She has become more Nairobian than the Nairobians themselves.
It’s been slightly more than a year since I made the big move. Someone just reminded me of how I looked like a bird ready to fly, before I moved. Looking back, it is still by far the best decision I made. For a long time before I eventually left home, I was nervous, anxious and at the same time hopeful.
Before I take risks, I usually calculate over and over again. Moving for me, was a huge risk. Before I did it, I thought, re-thought and thought some more. By the time I was making the decision, I had plan B, C and D in case all failed. My parents weren’t even sure if the strength of their youth was ready to face the world.
To this day, I think God was guiding me. I just didn’t know it.
And so I made the move. This 22 year old carrying almost all her clothes and hope, barely knowing Nairobi apart from where a few of my relatives lived. Other than that, I had no idea where my friends who were in the city, lived. The only two streets I knew in the CBD were Tom Mboya street and Moi Avenue, the streets dad had showed me when I was in Nairobi a while back for my internship. The buildings I knew were The National Archives, and the green tall building, Afya Centre. Google Maps became my friend (I salute its founder).

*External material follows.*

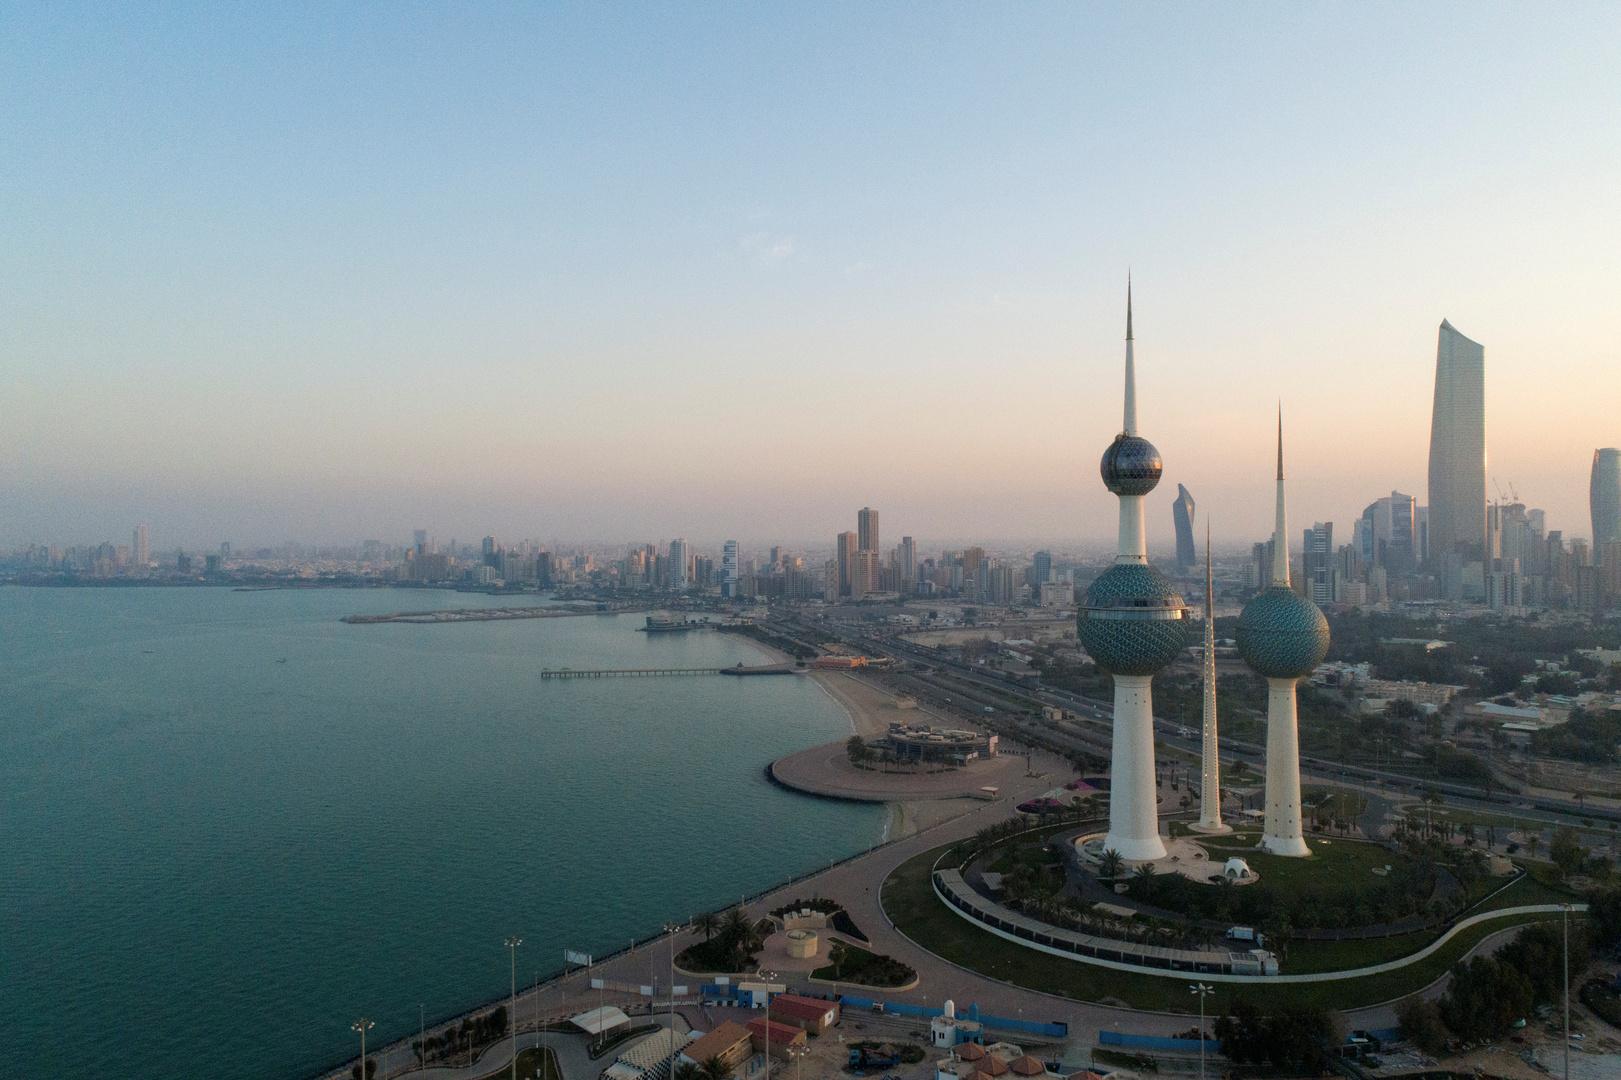 الكويت تنفي إدراج عدد من مواطنيها ومؤسساتها على قائمة العقوبات الأمريكية

The thought of stopping a stranger to ask for directions just never sat well with me. I would literally rotate the CBD looking for the two buildings I knew. You can’t walk with your phone out and looking confused all at once. At least walking in circles looking confident would make more sense, right?
I used to be scared of being in the town at night because well, you hear all these stories and… You should have seen me walking in town after the daylight robbery became real.

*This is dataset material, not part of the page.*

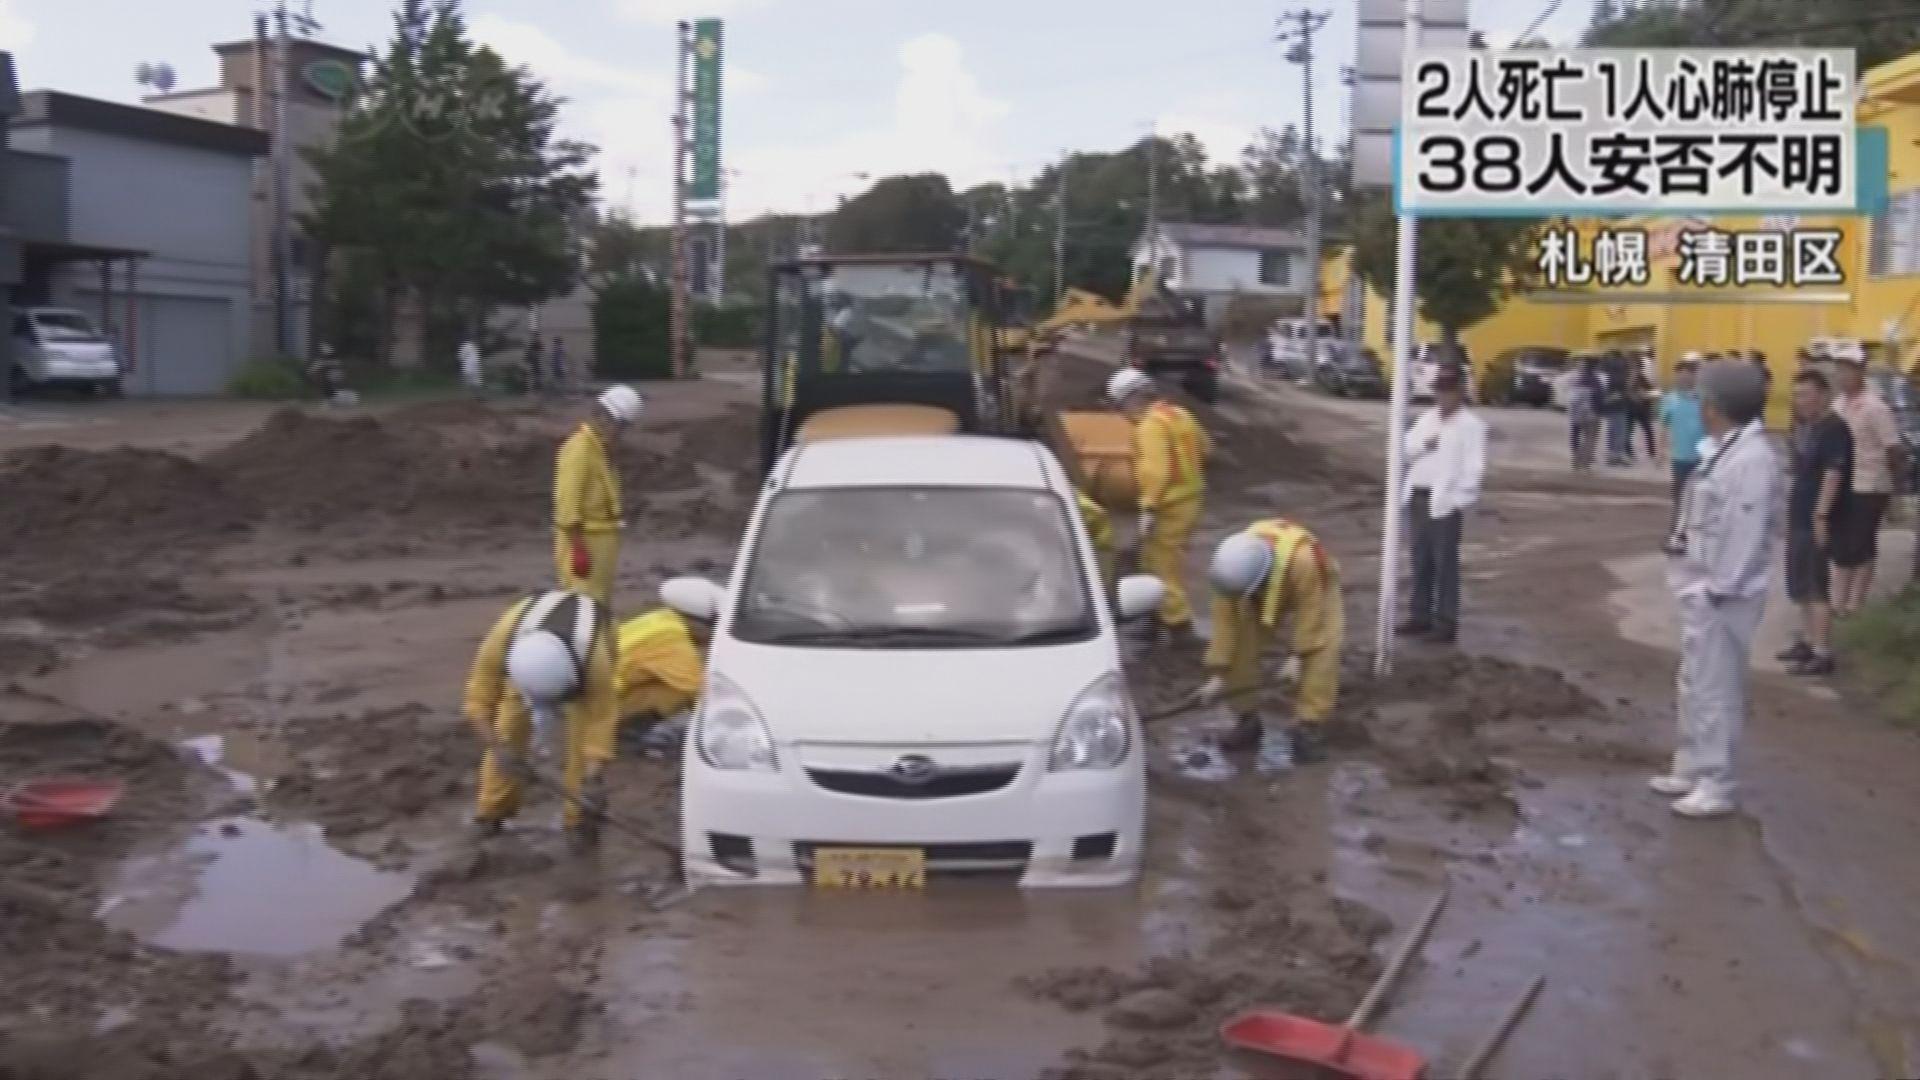 北海道6.7級地震 札幌市多處嚴重路陷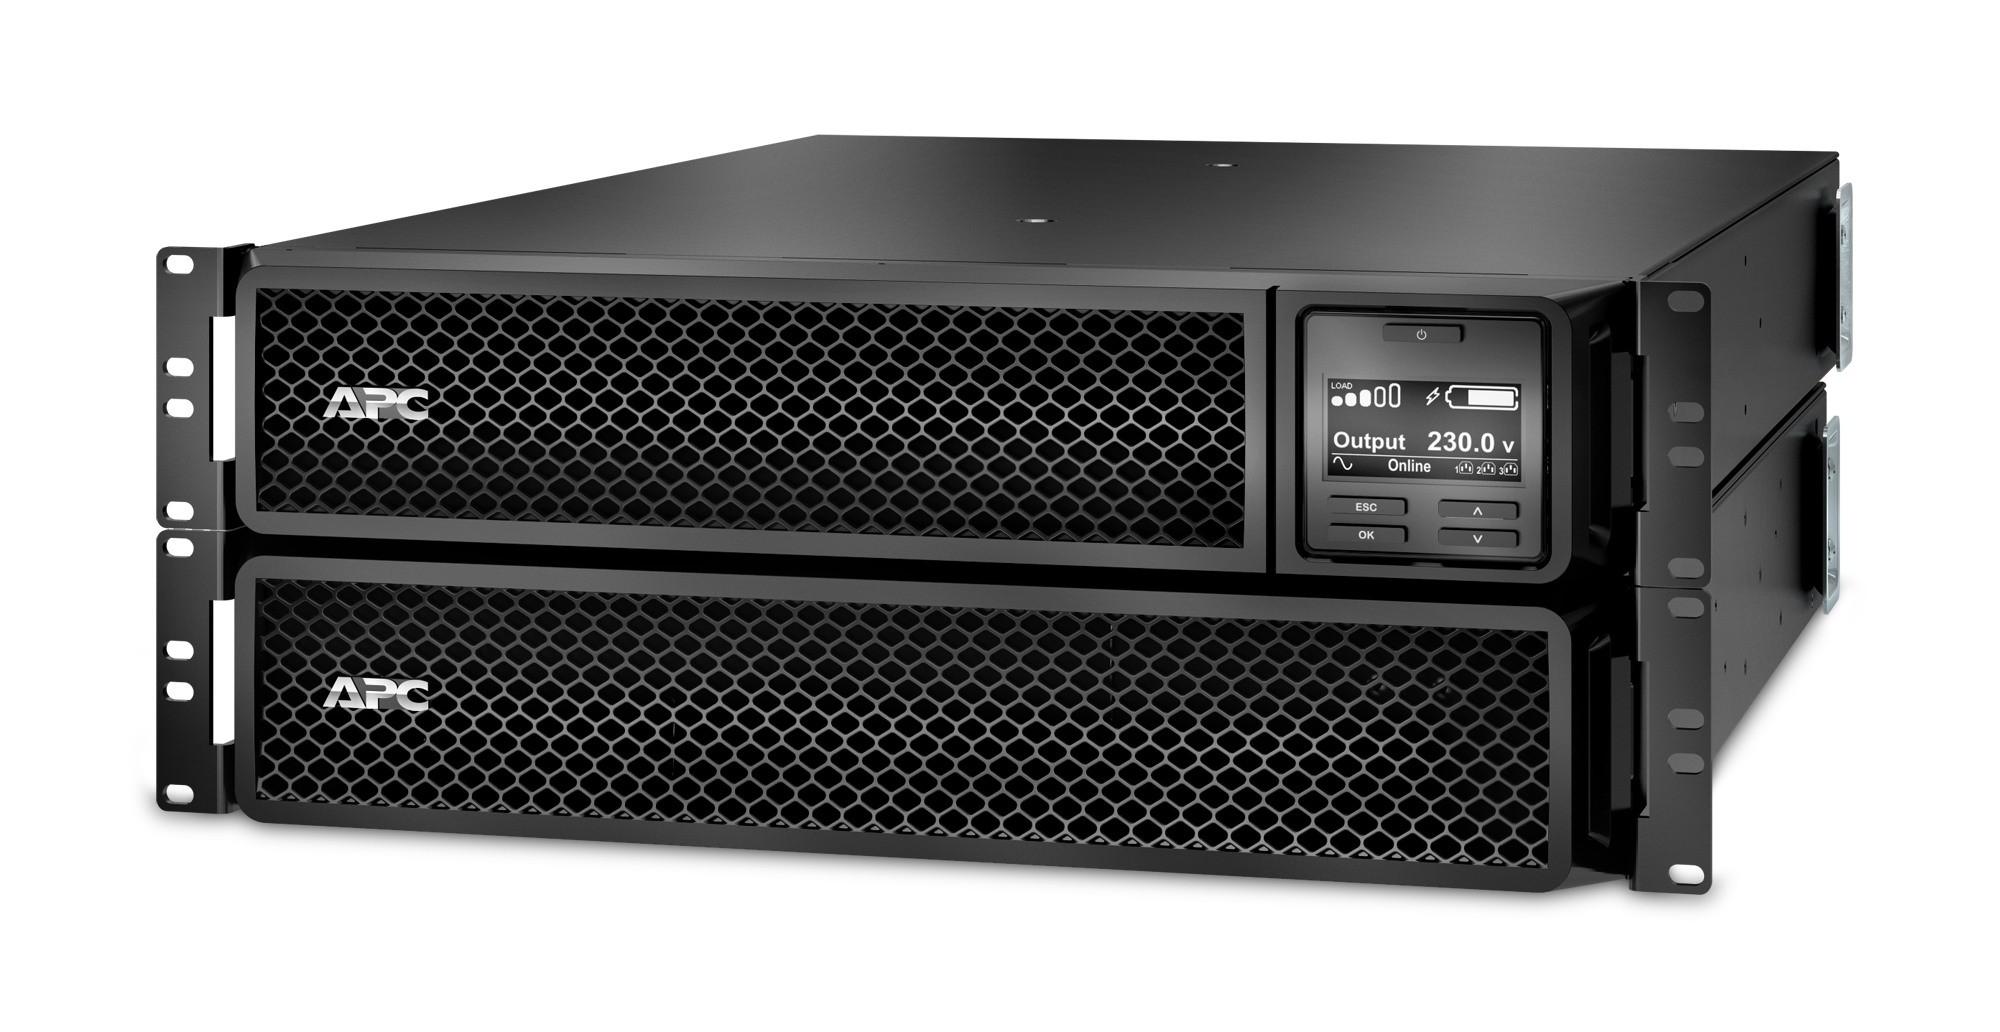 Image 1 of Apc Smart-Ups (Srt) 3000Va (Srt3000Rmxli) + Bonus Lacie 1Tb Usb 3.0 Portable Drive Srt3000Rmxli-Lac

The rise of Uber in the country is a lifesaver. How I got so comfortable taking an Uber home at night, baffles me. I was recently at a social event that ended quite late and in my mind I was not bothered by time like I would have been in the beginning. It got me thinking. Whenever I thought I would get lost when going to a new place, I would take an Uber there. Because, well, the Uber driver definitely has an idea of that place (See how bright I was?)
I missed home terribly. Our family is a close knit one and as much as everyone may be doing their own thing in their rooms, we get to gather at least every night and have a catchup session. I missed these moments. I missed mom’s food. The thought of spending money to buy something mom would so gladly make for me didn’t (still does not) make sense.

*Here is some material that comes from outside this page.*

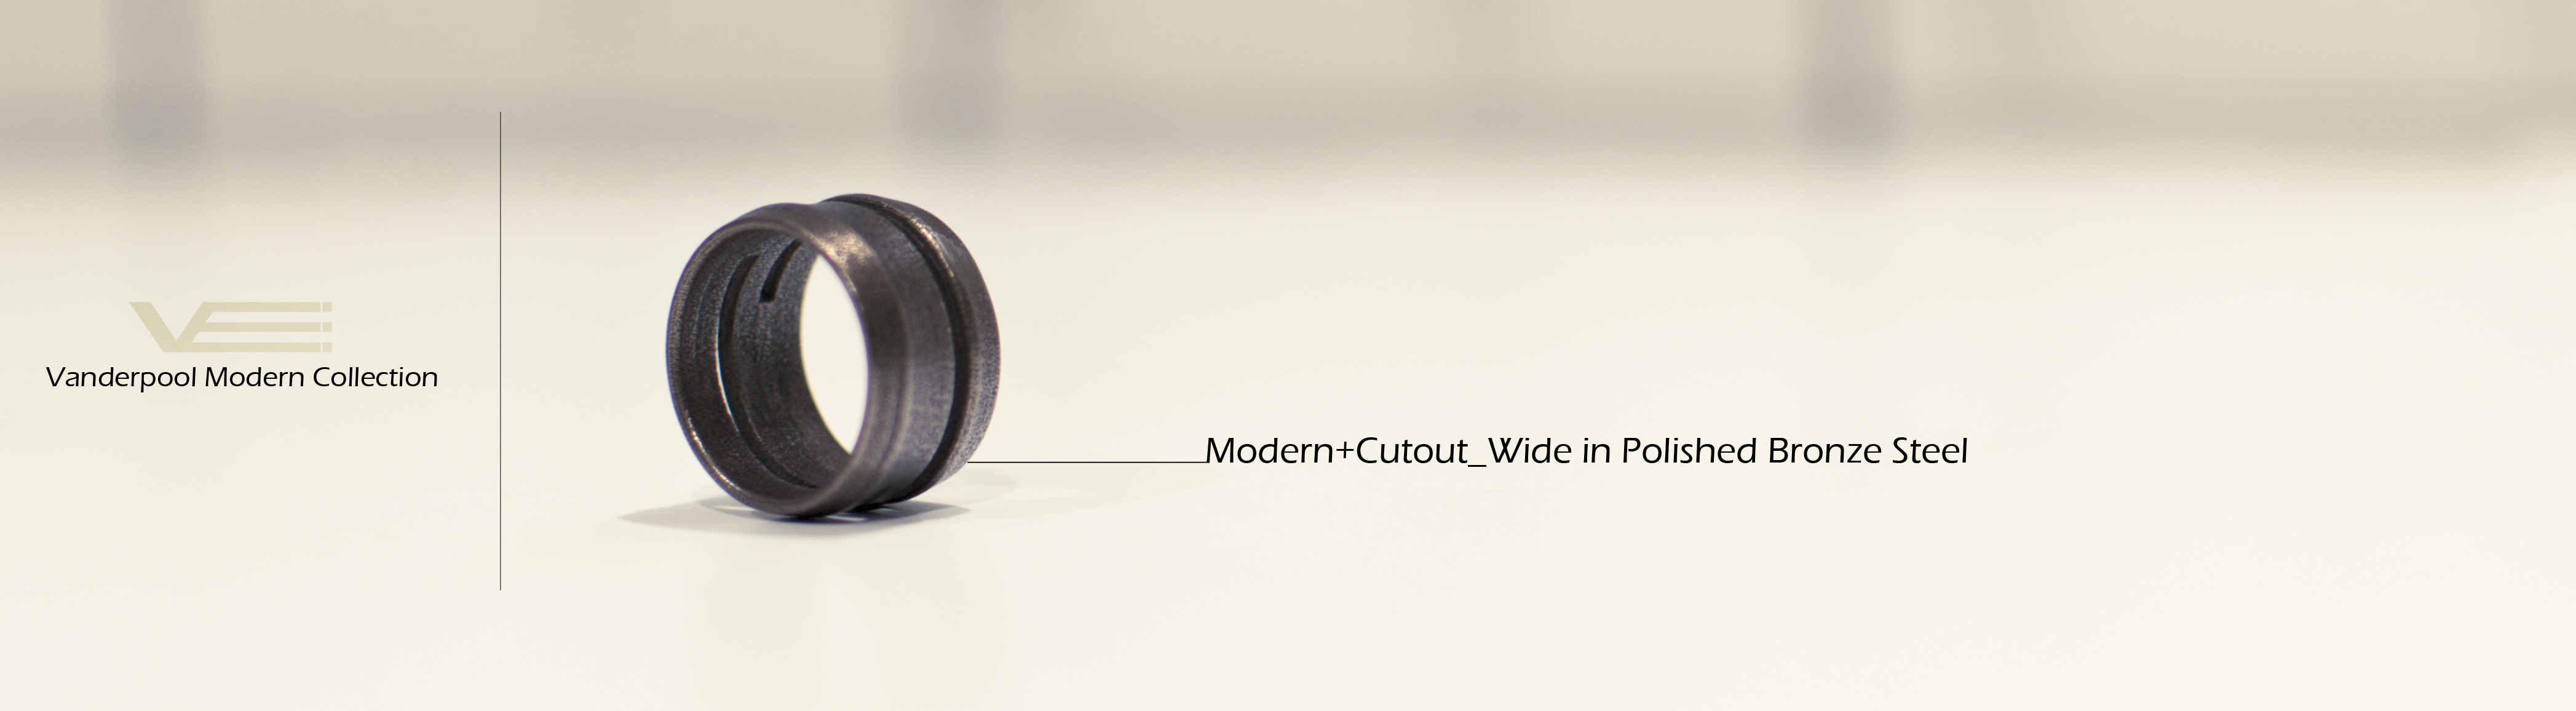 Modern+Cutout_wide

A year plus down the line, I have found new family, I have formed new relationships, I have revived old friendships, I have found a church and I have definitely grown.
The biggest lesson I have learned is, God is intentional.
When I kept pushing my move to the city, He caused certain things to happen in my life, to see that I needed to do it. I did not know how I would survive, or whether things would work out the way I hoped they would. I can gladly say that He who brought me truly has not left my side. He has continued to guide me every step of the way.